**Exercise description**
Each line below from the line with "Cover & Insert-417709-1" to the line with "USFL Houston Gamblers" must be copied exactly, including those two, and no picture may appear in the copy.

**Entries shown**
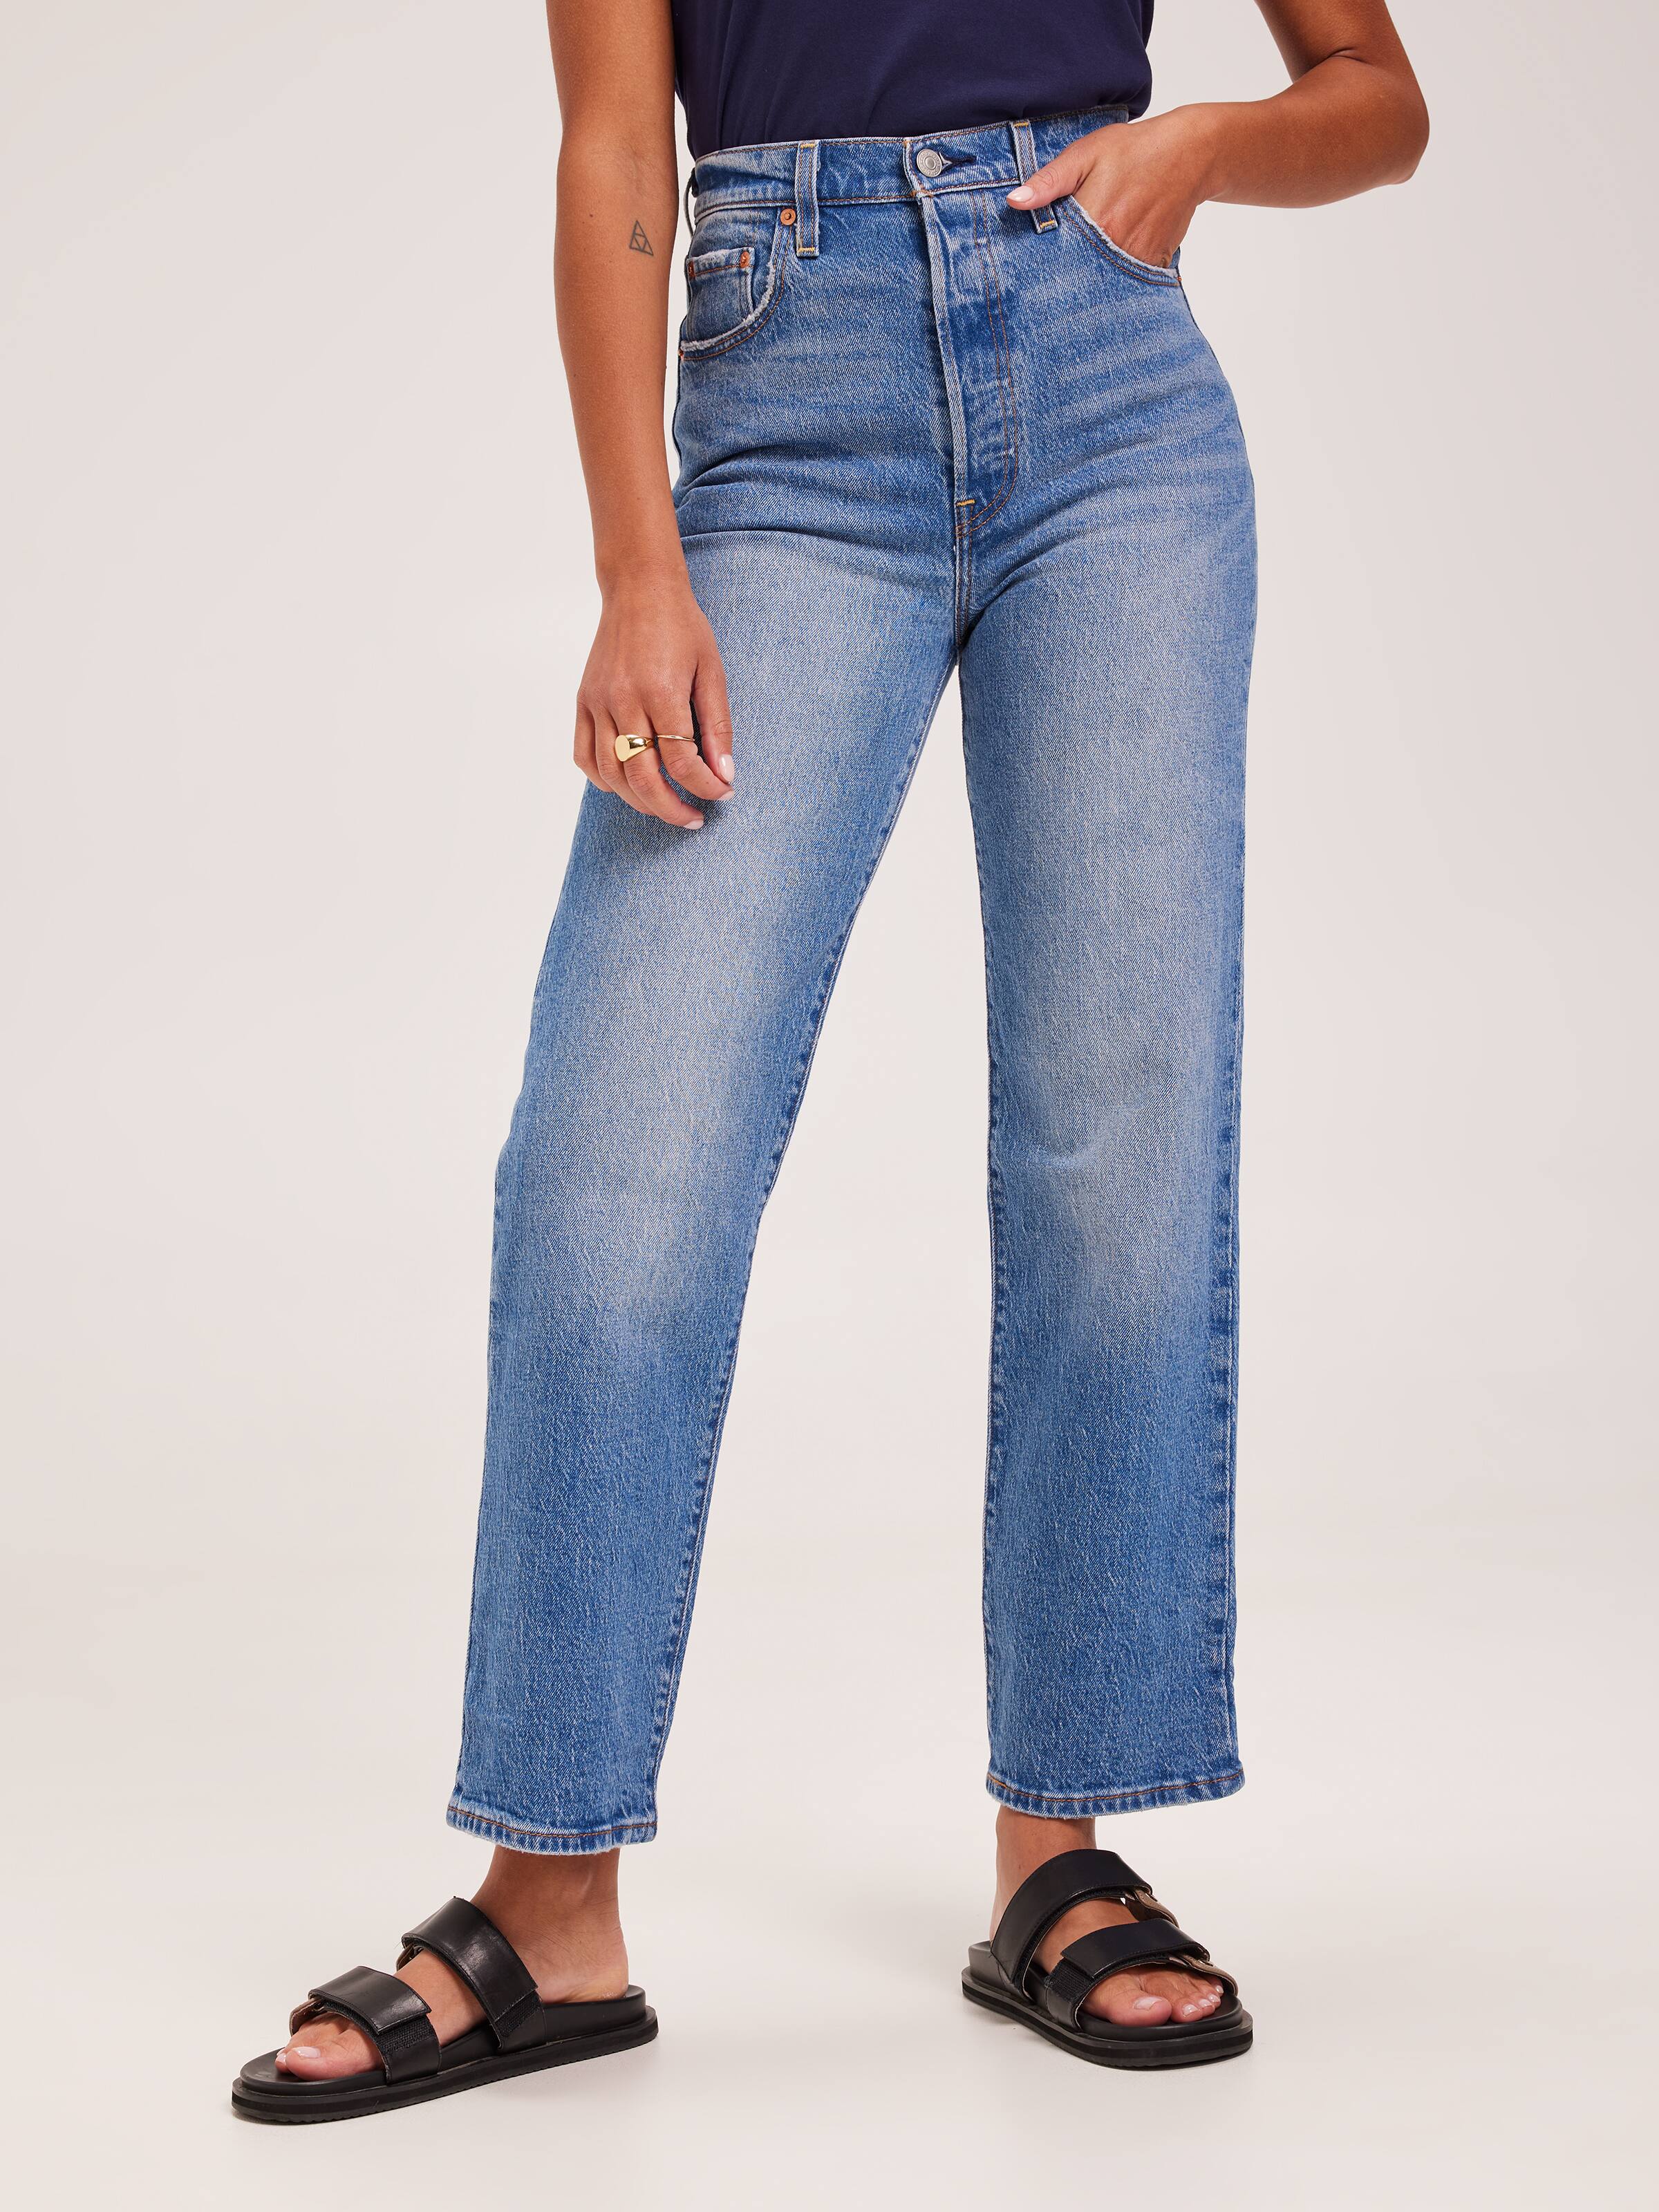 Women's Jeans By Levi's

==

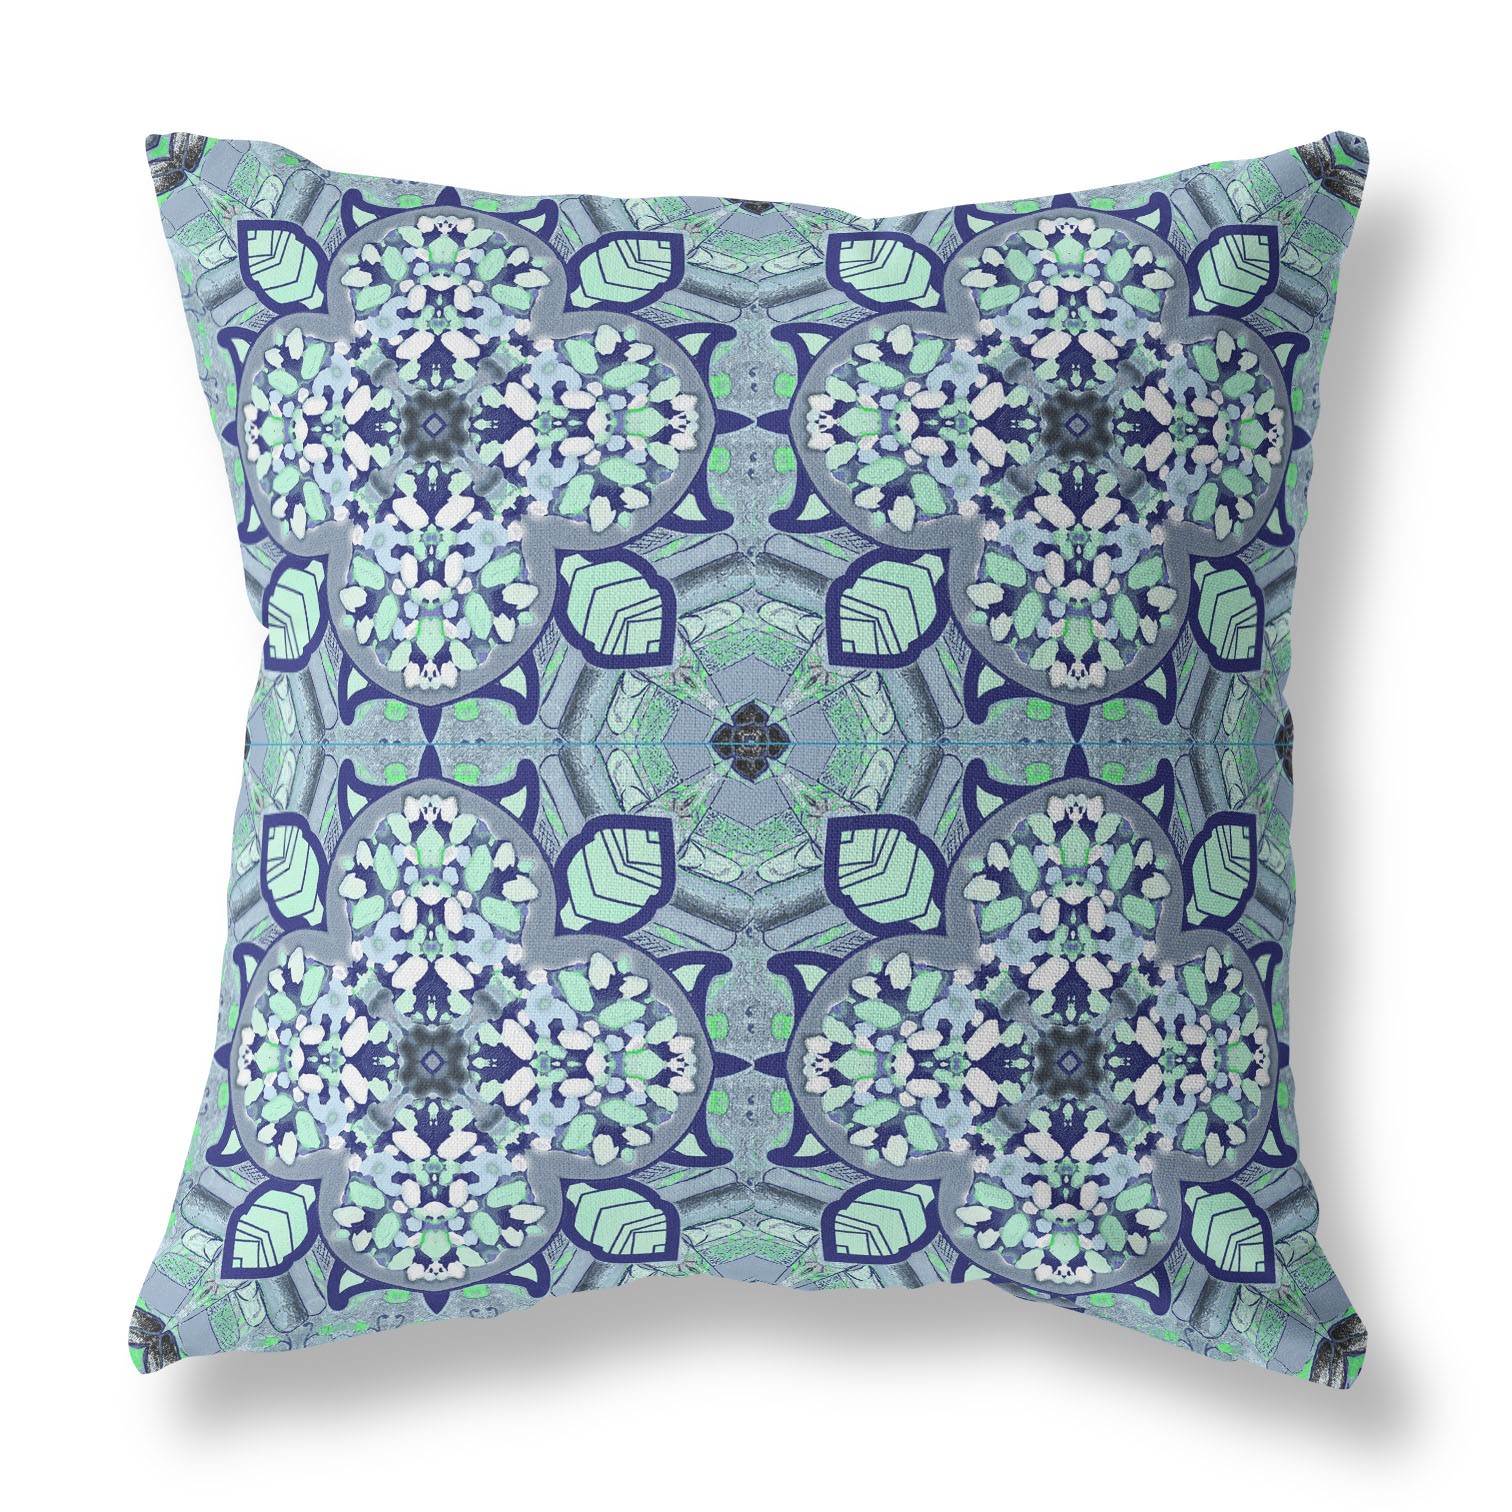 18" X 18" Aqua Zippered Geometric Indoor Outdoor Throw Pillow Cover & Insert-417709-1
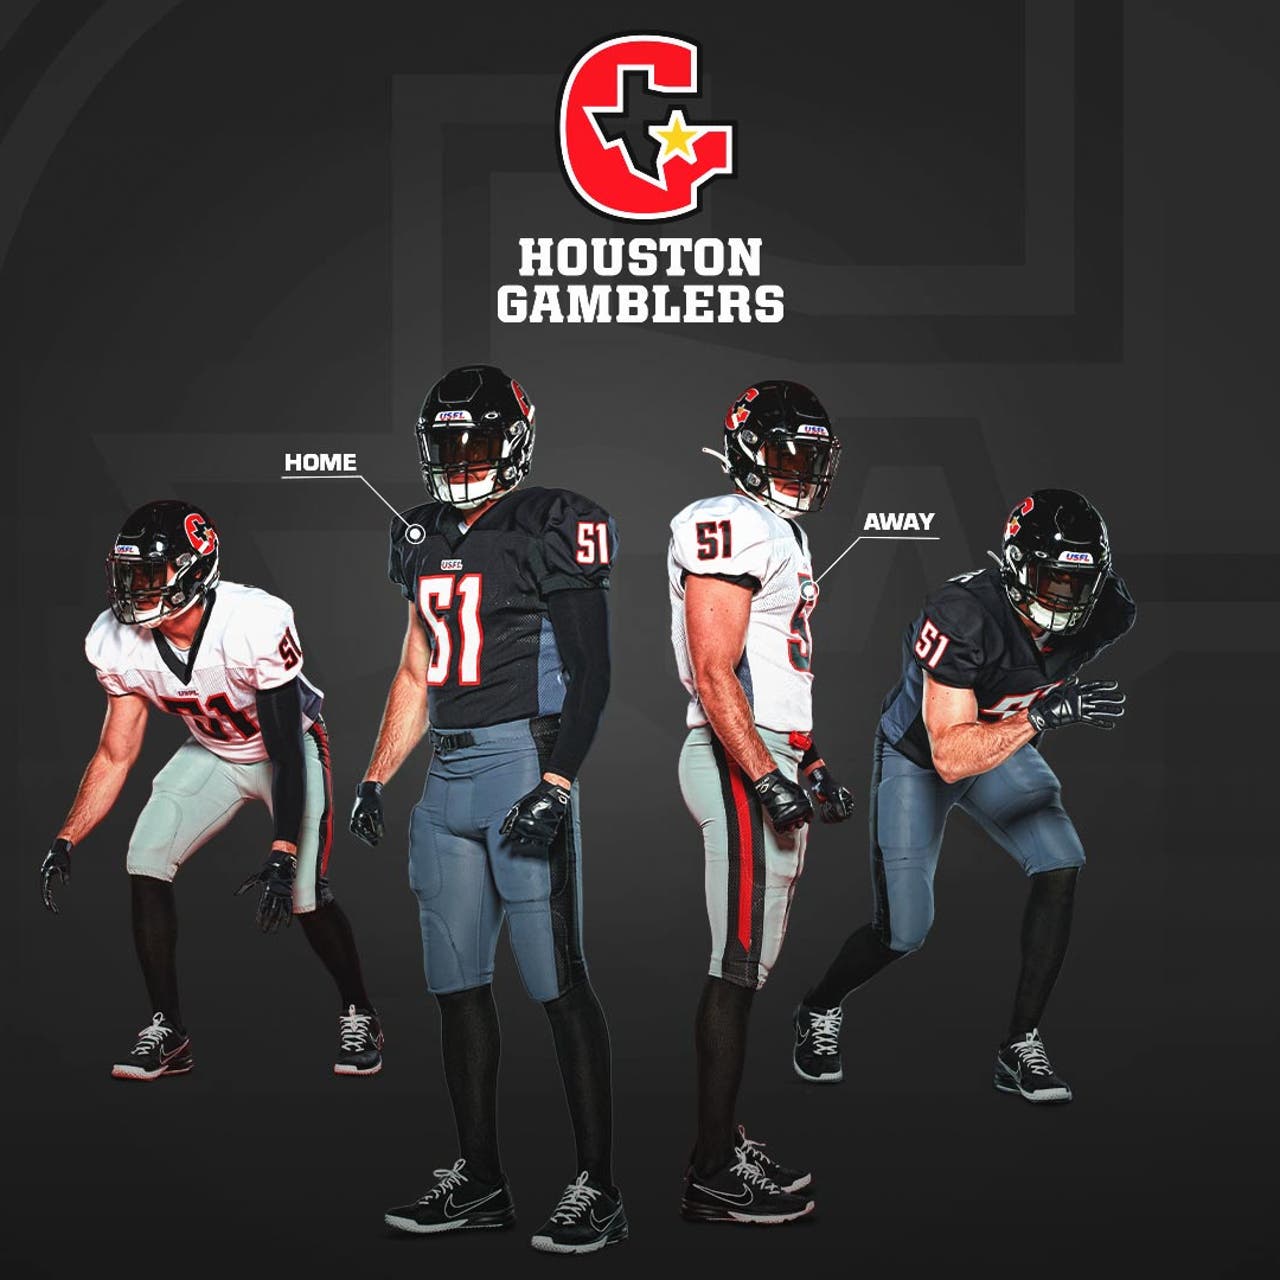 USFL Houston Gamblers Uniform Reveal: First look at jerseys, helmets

**Written answer**
 18" X 18" Aqua Zippered Geometric Indoor Outdoor Throw Pillow Cover & Insert-417709-1
 USFL Houston Gamblers Uniform Reveal: First look at jerseys, helmets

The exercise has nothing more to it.